If you looked at our BoatLift-Mat material with a big magnifying glass, you’d see it looks like a lot of tiny pyramids woven into the fabric. When you place the fabric on submerged soil, the first thing it does is trap the soil particles in the tiny pyramids. It creates “interlocking” of the particles.

Think of walking through mud wearing boots with thick cleats. Some mud sticks to your boots in between the cleats, then more mud sticks to the mud on your boots, then more and more mud, until you can hardly walk. It’s the same principle with the BoatLift-Mat.

The more “interlocked” soil particles there are, the more “friction” surface there is for other particles, and with right amount of water “dilation” the more particles stick together, the more opportunity there is for “cementing,” to bond the soil particles, (like the “cemented” dried mud left on your boots).

Now, think of setting your boat lift and boat in your lake. Let’s say the total weight is 4,500 pounds. There are four foot plates that are one square foot each. So each one has to hold 1,125 pounds (4,500 / 4). That’s a lot of weight for soil that has a very low “bearing load” capacity.

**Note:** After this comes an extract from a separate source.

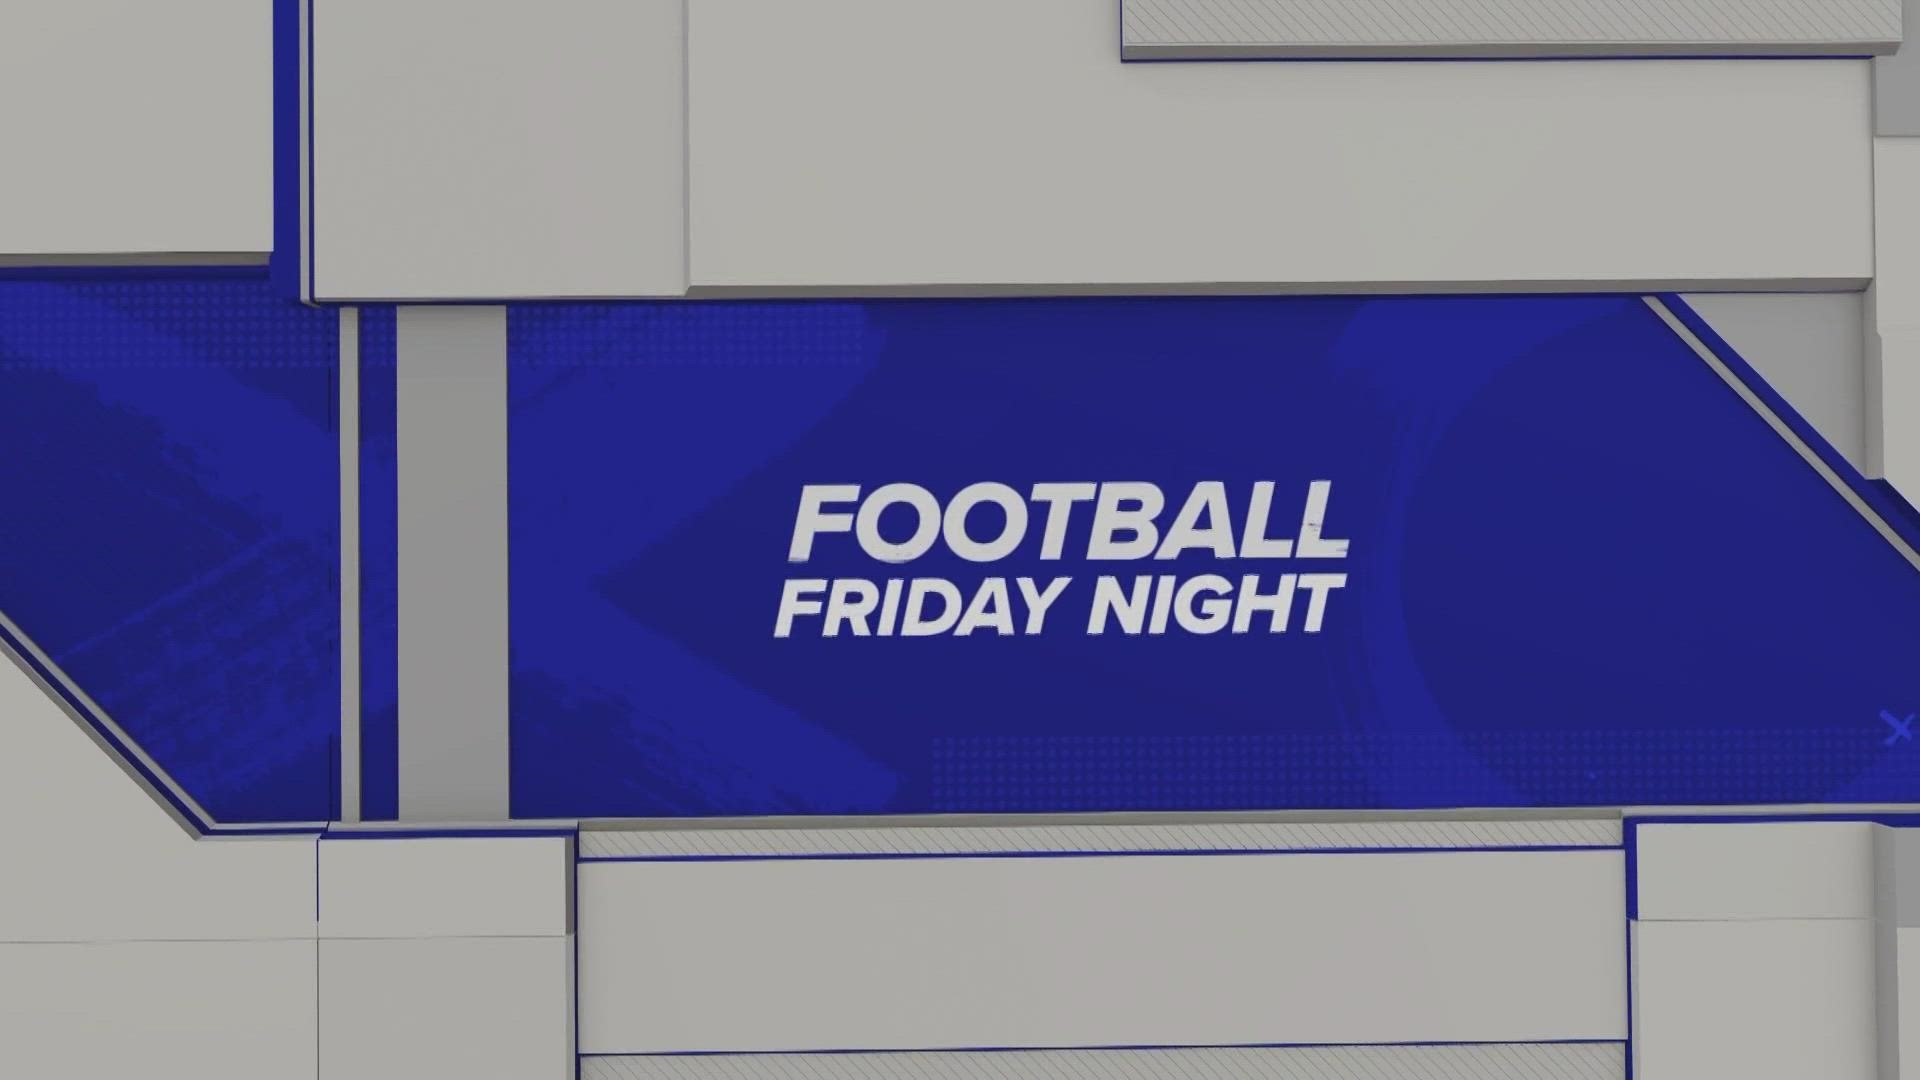 Here's a look at the first week of playoff scores and highlights for high school football!

Now, think of putting that same lift and boat on a BoatLift-Mat where the weight is distributed over 225 square feet. If you divide 4,500 pounds by 225 square feet, you get just 20 pounds per square foot. You’ve transferred the “weight distribution” like a snowshoe from 1,125 pounds to 20 pounds per square foot. Much better, isn’t it?

Meanwhile, the pressure of 4,500 pounds squeezes some of the water out of the soil beneath the BoatLift-Mat, even though it’s still under water, there’s less water in the soil directly under your lift, allowing it to stick together better, kind of like your sand castle.

A BoatLift-Mat simulates underwater the factors that keep soil together on dry land, friction, interlocking and dilation. Cementing also occurs naturally under a BoatLift-Mat, but it’s a secondary process.

As for weight distribution, the area closest to the foot plates on your boat lift will always be holding more weight than the edges of the BoatLift-Mat. How much more? You’d need a geotechnical engineer doing some pretty fancy calculus to figure it out. But even if it were five times as much with our example of a 4,500 pound boat and lift, the area near the foot plates would only be holding 100 pounds per foot instead of the 1,125 pounds without it.